Many Jewish people promoted this Progressive notion, too, thinking that protections for any minority protects them as well. I fear they are learning the hard way that this just isn't a correct assumption.
I grew up in Western New York State, in a small town that had probably more than the usual number of Jews for its size, due to the presence of a college (later to be renamed a university) of the New York State system. There was also a small concord grape winery owned by a couple of Jewish brothers who had been friends of my father in college.
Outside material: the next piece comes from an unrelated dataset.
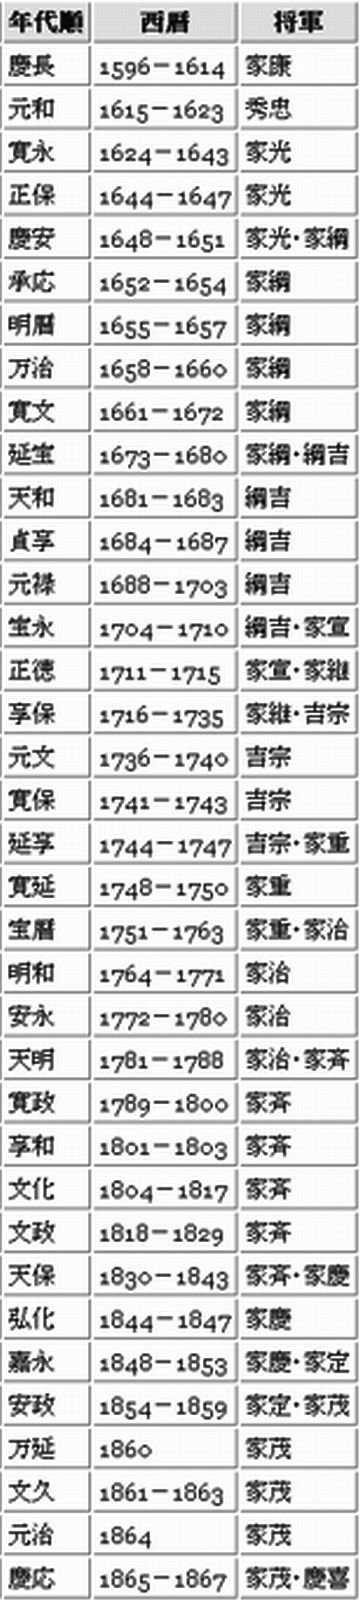 元和7年は、1621年です

Dad would work there when the CIO (in the days before its merger with the AFL) would periodically declare a strike at Dad's plant (to generate a new contract to benefit the workers, of course, meanwhile putting them out of work for at least six weeks). During one of those times, the managing brother suggested to Dad that he might want to bring me up to show me the operation (I was about eleven years old at the time), and it gave me the chance to meet my first Orthodox Jew, a rather elderly, gentle man who was very popular with the other employees. Isadore "Izzy" Shaftsman was his name. The winery job kept our family alive during every strike. And from that time to this I will not allow anyone to denigrate the Jews in my presence.
Just a bit of family history.
Posted by: Timothy Birdnow at
06:59 AM
| No Comments
| Add Comment
Post contains 656 words, total size 4 kb.
35 queries taking 0.4157 seconds, 157 records returned.
Powered by Minx 1.1.6c-pink.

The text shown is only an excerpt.